Five-month-olds in Hamlin et al. (2011) were tested on the very same procedures but showed no evidence of context-dependence (nor, notably, of valence-matching): they preferred those who gave to versus took from all targets, whether prosocial or antisocial. This performance difference suggests that the ability to demonstrate global social evaluations develops between 5 and 8 months after birth. That said, the nature of this development remains unclear. On the one hand, development between 5 and 8 months may occur within the domain of social evaluation itself. Infants might first possess relatively simple “helpful = good and/or harmful = bad” heuristics that are impervious to contextual information of any kind, and later develop the ability to evaluate prosocial and antisocial actions in context. Such domain-specific change could be prompted by infants’ everyday experiences: as infants age and become increasingly mobile they are presumably confronted with more and more locally antisocial behavior performed by individuals infants are sure they like (their caregivers) toward individuals infants are sure they like (themselves, their peers and/or siblings). These experiences might then drive infants to adjust their rigid social evaluation system in order to incorporate information related to who did what to whom and why. That is, in a process of accommodation (e.g., Piaget, 1928), global social evaluation might emerge as infants encounter, and are motivated to make sense of, apparent inconsistencies in their increasingly complex social world. Notably, 8 months is also the time when mentalistic third party social evaluation has first been observed in infants (Hamlin, 2013b).

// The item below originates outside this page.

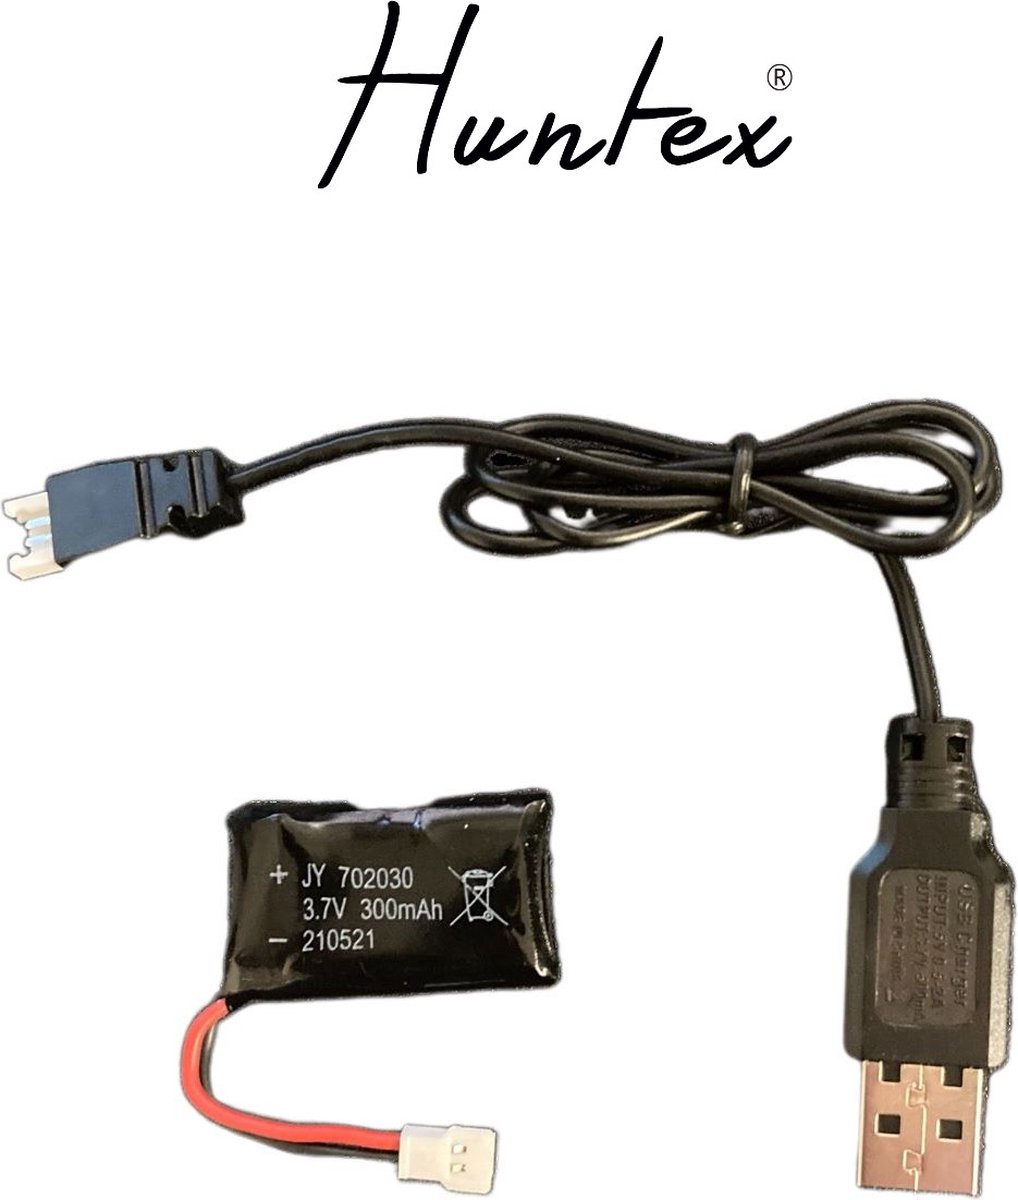 Huntex 3.7V 300Mah Lipo Batterij + USB-Oplaadkabel - Voor FQ777 FQ17WUdi U816 U830 F180 E55 Hubsan H107 Syma X11C FY530 FX 801 FX 651 - Rc Drone - Rc Vliegtuig - Rc Auto
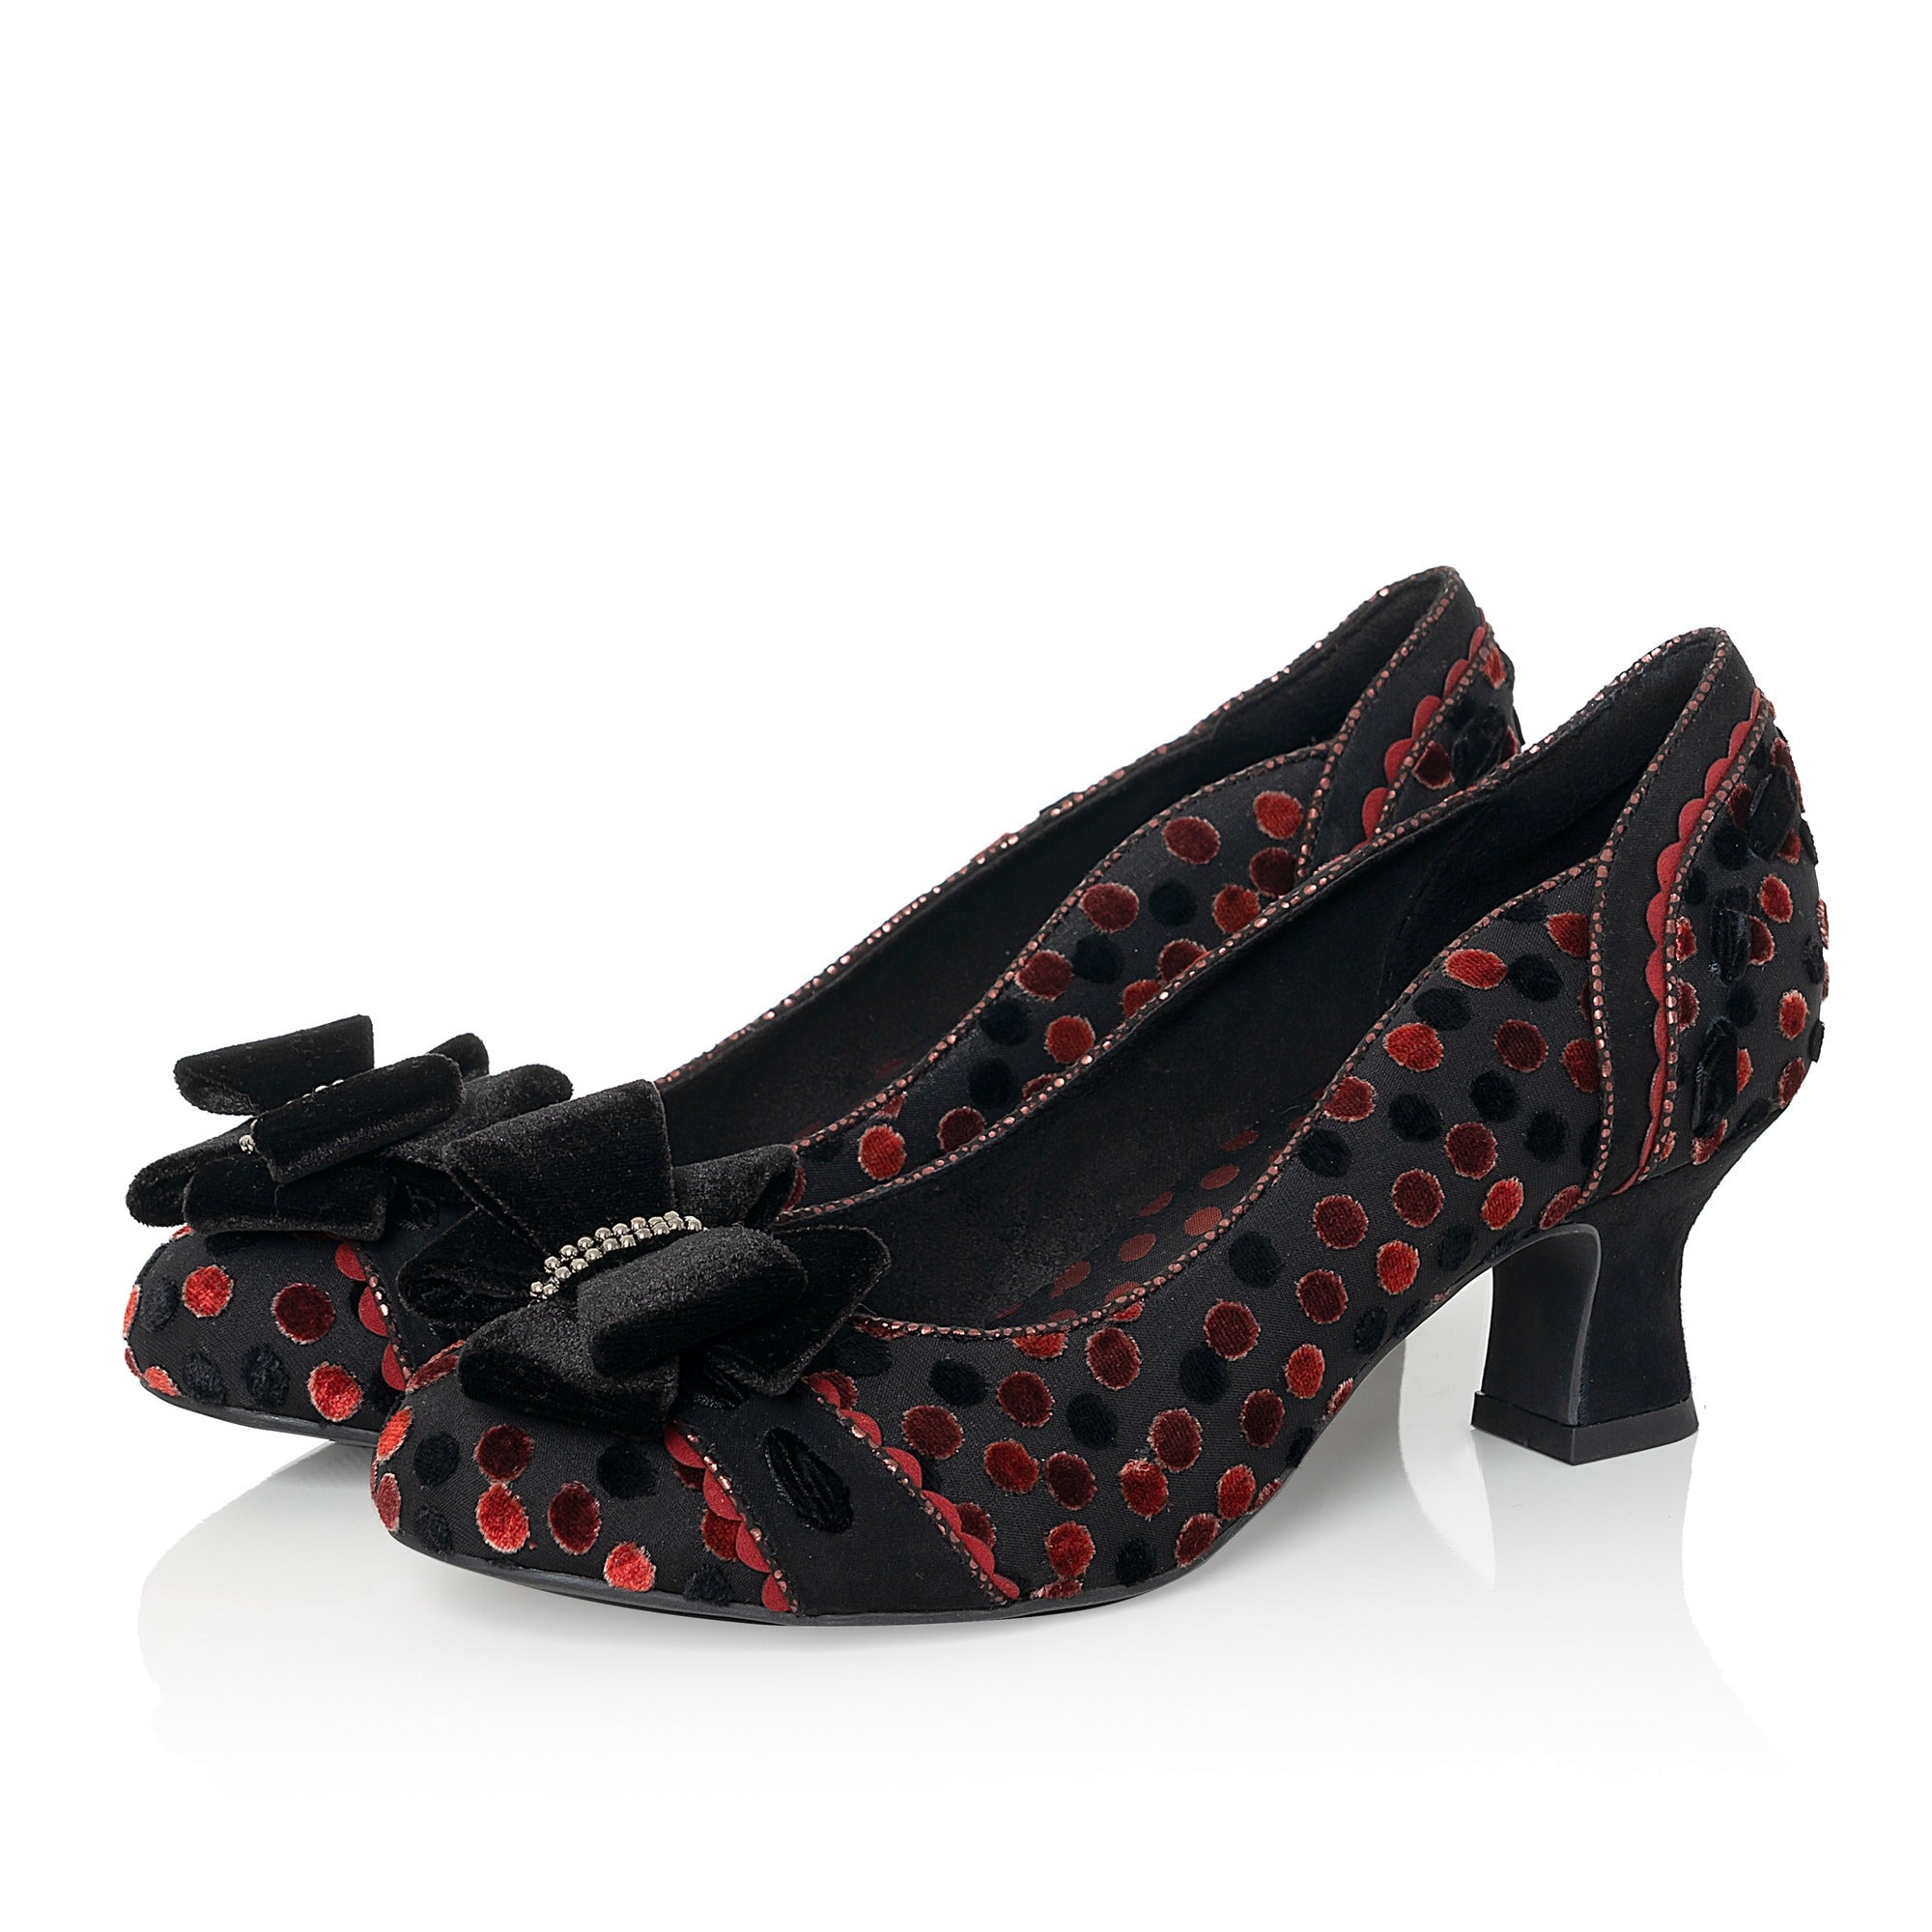 Ruby Shoo Rhea Red Noir Court Shoes

A second (non-mutually-exclusive) possibility for younger infants’ failure is that 5-month-olds are limited in terms of memory, processing speed/capacity or other domain-general ability relative to 8-month-olds. Indeed, the methodology used in Hamlin et al. (2011) was extremely complex relative to past work on social evaluation in younger infants, and may have placed insurmountable demands on 5-month-olds’ processing and memory capacities. To illustrate, infants in Hamlin et al. (2011) saw two different types of prosocial and antisocial interactions within the same study, both the box and the ball scenarios. Although infants readily distinguish prosocial from antisocial others when shown either one of these scenarios, no previous work has demonstrated they can do so when shown both types, much less integrate information across the two. In addition, while in past studies infants have had to keep track of three unique characters who are all onstage together at the start of each event, in the global evaluation procedure infants must keep track of five distinct characters, only three of whom are ever onstage at once. Finally, infants in Hamlin et al. (2011) were not only given more information to process than in past work, they also had less time to process it: past work has utilized a habituation procedure in which infants are shown prosocial and antisocial events repeatedly until a pre-specified criterion is reached (between three and seven events each; habituation is taken to indicate sufficient event processing, for review see Colombo and Mitchell, 2009), whereas infants in Hamlin et al. (2011) saw just one prosocial and one antisocial event in each of the box and ball scenarios. Therefore, perhaps 5-month-olds selected givers over takers following the ball scenario simply because they initially failed to process or subsequently forgot what the target in the ball shows had done, and so they evaluated givers and takers as if the target was an unknown third party. If so, then the procedure was not actually a test of 5-month-olds’ capacity for context-dependent social evaluation in the first place.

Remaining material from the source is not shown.